Friday, September 30, 2011

Take the Good with the Bad.


Yes the shakes and yes they come and go and they're all a dealt hand. They're all to melt sand. Into glass real fast so I can see clearly for now. For there is a bird in flight with amber green eyes glinting like diamonds roaming through my heart making decoration decisions. Setting it up so cozy and the shadows are shed with light. They bathe and they recede. And they're response is one of bafflement. An exclamatory grimace ebbing into the crimson felt walls to echo through the skeletal system and leave through the ears and eyes; a depthless demise cries out fathomless. The drum is a cavernous one and there is room for the faithless, the faithful, the lost, the found, the leaves, the roots, and the crown. There is everything found in here: it is no surprise that we see through the tears in our eyes as the tidal pool glimmers with youth and problems. Because I do have these sorrow and triumphs. I don't let go of one thing to grasp another. I keep it all together and it makes itself known that it makes me up. The shakes are all part of it.

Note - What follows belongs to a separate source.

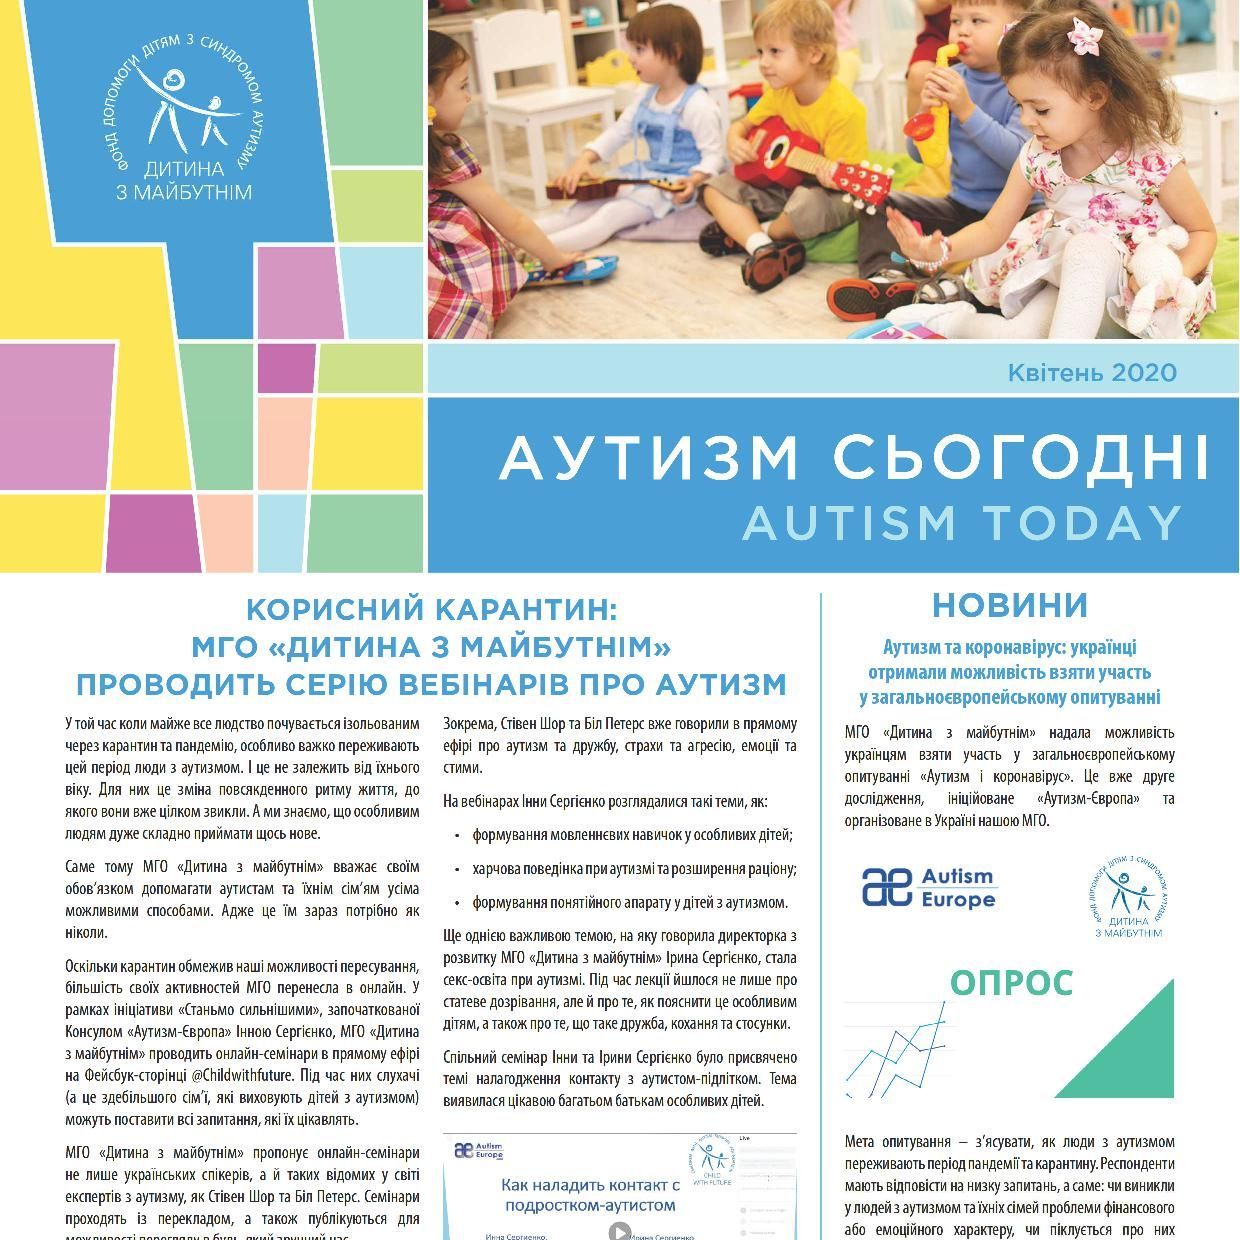 Корисні вебінари, унікальний звіт та інтерв’ю Марини Порошенко у новому випуску «Аутизм Сьогодні»
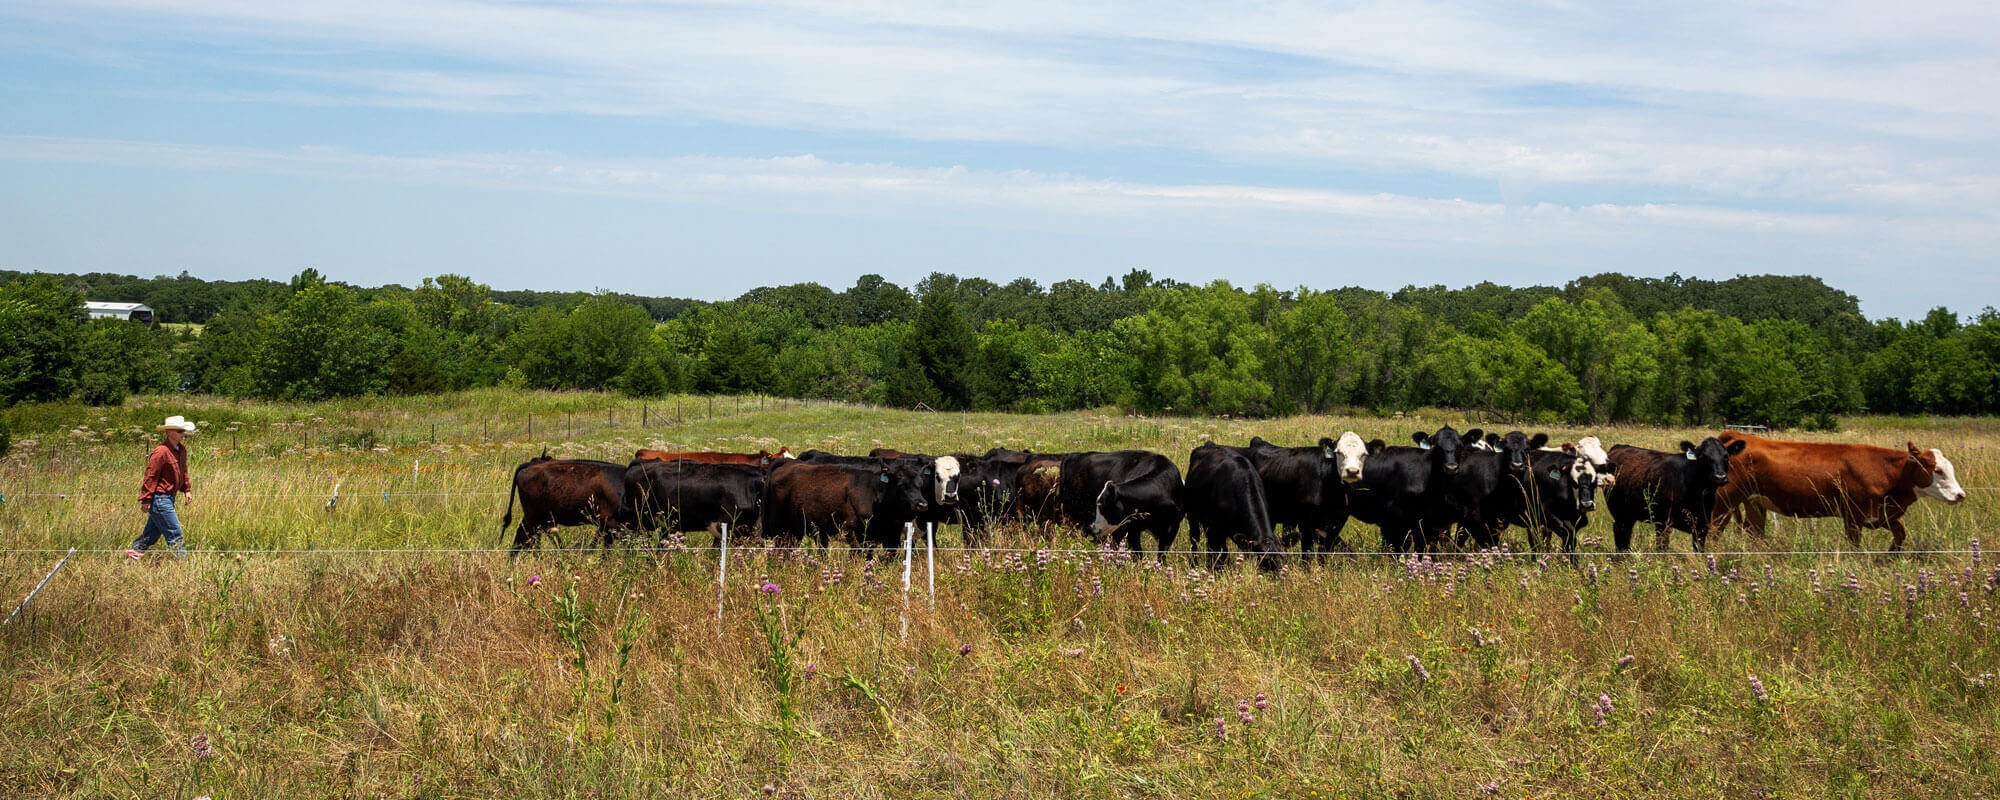 牛群高密度放牧多线栅栏

Sunday, September 18, 2011

Red Hot Gothic Rage.


I will try not to let it get the best of me: it can take the worst. Like those aches and pains. And that devious longing that creeps up like a rerun? Oh yes. Just the worst. I have a feeling I'll need the sharpest knife to cut the deepest wound. A removal of sorts to straighten everything out and make me seem crystal clear. A tuning fork spine with a bed full of scars. And it scares me how long it takes to wake up from my recurring dreams. I think the house is falling around me. I'm convinced there is a crowd noting my every move. I rear and buck. There is the red anger. There are my eyes losing sight and glowing white. This is the cause: you are convincing yourself of a lie. And it just gets better and better. The worst is a debt that you can't fret.


Friday, September 16, 2011

There There Misconceptions.

I felt along the lines of the insane.
And I don't know why I say I felt because I still feel it.
But I distance the lines and I get the feeling that they are further from each other than possible.
The treble kick and the feeble sick,
the weather rip and the feather tip.
I do not know.
But maybe they're all inter related and I just don't see it.
And I don't see why.
Maybe the honeybee and the ant are working together and I'm falling over myself trying not to fathom the truth.
That I could never be the same again?
It's a possibility.
That I couldn't work with who I was?
It's possible, somewhere along the line.

Tuesday, September 6, 2011

Don't Let Me Go. Keep Me On.


All this operational tension and employment bartering: the sea is a seasonal thing as in you see and then you don't. It evaporates like the spendthrift type outside the apartment. And he's lost when the time shift turns past the appointed work shift. There there. This feeling of utterances in the ear; hot and soft. The stipend is beyond over. The trickle down is hot wax and spearmint. Stunning cool and explosions out across the permeated economic landscape. The tycoon weeps bloody dollars while crushing the menial underfoot. Some sort of juggernaut steamroller bringing the blue bloods to their present situations so the crystal can clink together in a toast to present situations. The foreman has one eye rolling like a bowling ball. And he keeps the fabric of the infrastructure sutured together with clothes pins. And he keeps the water flowing even though it means nothing anymore. And the lake drains down to the constancy of collapse. The constancy of ebb and flow. The near and the far. The world careening and letting us just sway with it for now. And the things that we forgot how to love are supporting us. Remember green? Remember blue? Remember salivating and drowning and loosing yourself from the taut rope wrapped so secretly around your neck? Would you gargle with raw sewage? Would you jump rope with a live wire? I thought so.

Friday, September 2, 2011

They Dropped Us Off Here Without Our Consent.


This scent prevails: penniless little kids and those lives fast forwarded in an email stream to return to sender with a defunct address. The Rest Home for the Wicked has gone bankrupt and now the teenagers are drunk and flying out into bread winning casts along the roadways. You call me what my credit card says. The bones are the ones that hold us up aren't they? Then why do I feel this sense of deflation when I feel so empty? They are all in this procession that is leading to the horizon where a slow burn of beaten hymns and depthless pallor shine unadulterated like nothing before. I fucked it up. I sent it out without. I fucked it up. I feel my hands shaking into blurry messes while the tome of this increase writes itself without me. The bricks in the deathly palindrome that is our lives folding so the ends meet: Rest Home for the Wicked. And yet, no rest. Be there or lose hair. From stress.